My next try was to use IHtmlDocument2::write(). I found this in another article on CodeProject titled, Loading and parsing HTML using MSHTML. 3rd way. This was the easiest of the various solutions to use because it worked the first time and required no message loop (more on this in #3.) However, the write() function also requires the HTML to be passed as Unicode, which meant that this solution had the same problem as #1.

The only challenge to using IHtmlDocument2::write() is properly setting up the SAFEARRAY. Although the sample code in MSDN shows how to do this, it's complicated and easy to break.

3. IPersistStreamInit::Load()

My third try was to use IPersistStreamInit::Load(). This is the solution recommended by Microsoft in the article Loading HTML content from a Stream. This function caused me no end of aggravation. No matter what I tried, I couldn't get it to work. My call to Load() would return success, but my data wouldn't appear in the document.

I found other people with the same problem. It turns out that a few important details were omitted in the MSDN article. The first hint I found was in a Usenet post on microsoft.public.windows.inetexplorer.ie5.programming.components.webbrowser_ctl, where Mikko Noromaa recommended using CoInitializeEx(NULL,COINIT_MULTITHREADED) instead of CoInitialize(NULL).

My initial results with this change were perfect; for the first time my data could actually be retrieved from IHTMLDocument2. However, when I tried to change the data, I started seeing really weird crashes. Examining the call stack showed that my calls were being marshaled across COM apartments, which shouldn't have been necessary. Eventually, I determined that MSHTML wants to live in an STA (Single Thread Apartment.) When I declared my thread to be an MTA, COM automatically created a new thread to host MSHTML and marshaled my calls to that thread. Something was going wrong in those cross-thread calls and I didn't have the inclination to debug it.
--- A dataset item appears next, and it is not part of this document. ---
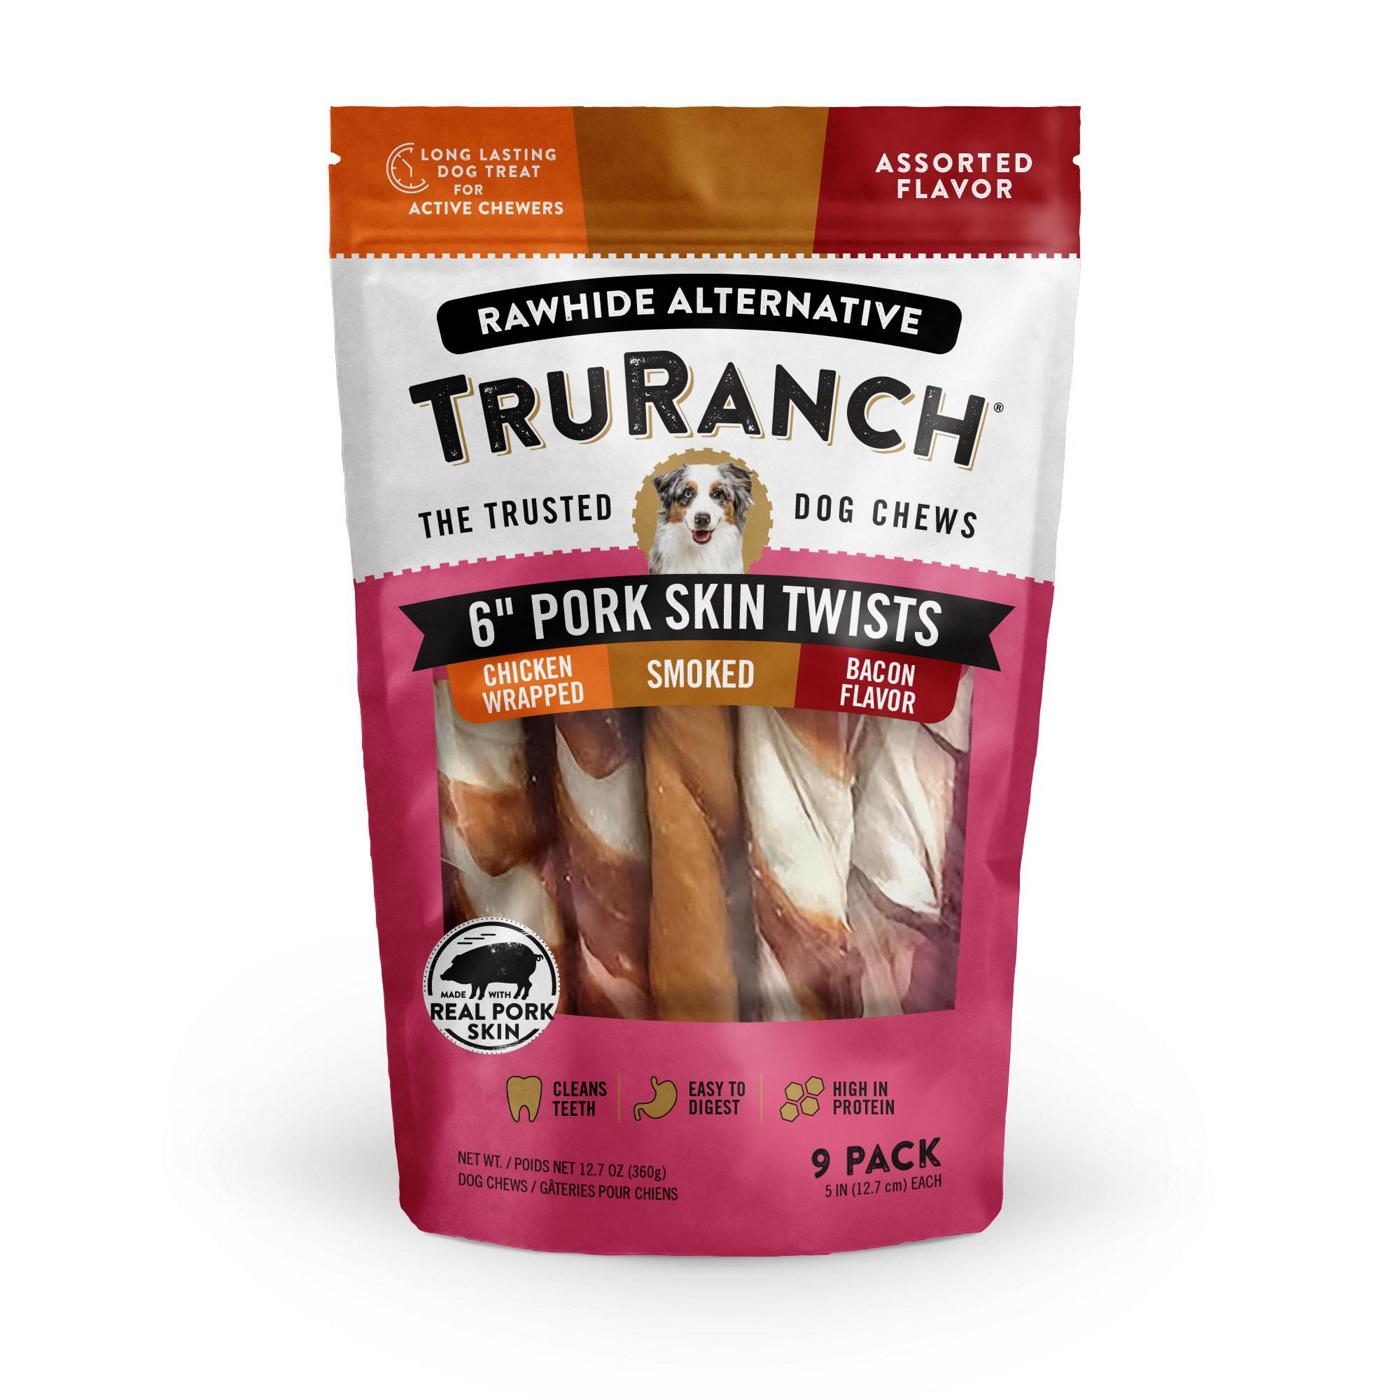 TruRanch 6 Inch Pork Skin Twists Assorted Dog Chews; image 1 of 2

I finally found a blog post by Scott Hanselman that described how to make Load() work properly. Recent versions of MSHTML require a message loop. Apparently, older versions of MSHTML did not. Without a message loop, Load() returns success but the actual work of loading the HTML is performed asynchronously. I had to add this code after Load() in order to make it work:
for (;;)
{
    CComBSTR bstrReady;
    hr = pDoc->get_readyState(&bstrReady);
    if (bstrReady != L"loading")
        break;
    //while( doc.readyState != "complete" )

    MSG msg;
    while (::PeekMessage( &msg, NULL, 0, 0, PM_NOREMOVE))
    {
        if ( !AfxGetApp()->PumpMessage( ) )
        {
        return;
        }
    }
}

Unfortunately, after going through all this time and effort to make Load() function, I discovered a small fact that made all of this effort useless: there's a bug in the MIME sniffing code used by IPersistStream::Load(). The bug is documented in this MSDN KB article:
BUG: PersistStreamInit::Load() Displays HTML Files as Text. You can read the discussion in Scott Hanselman's blog entry to understand why this is an issue. Update 12/21/2010: This bug was fixed in IE7 and the KB article is now marked as "retired content."

4. IPersistFile

My next try was to use IPersistFile, like this:

CComQIPtr<IPersistFile> pPersist(pDoc);
hr = pPersist->Load(L"C:\\abc.html", STGM_READ);
pPersist.Release();

As in #3, IPersistFile::Load() requires a message loop to function properly.

Unfortunately, using this function was not optimal for my situation because I already had the HTML document in memory. I didn't want to write it out to disk again and slow things down.

5. IPersistMoniker

I finally found the correct solution in a post by Craig Monro in microsoft.public.inetsdk.programming.html_objmodel.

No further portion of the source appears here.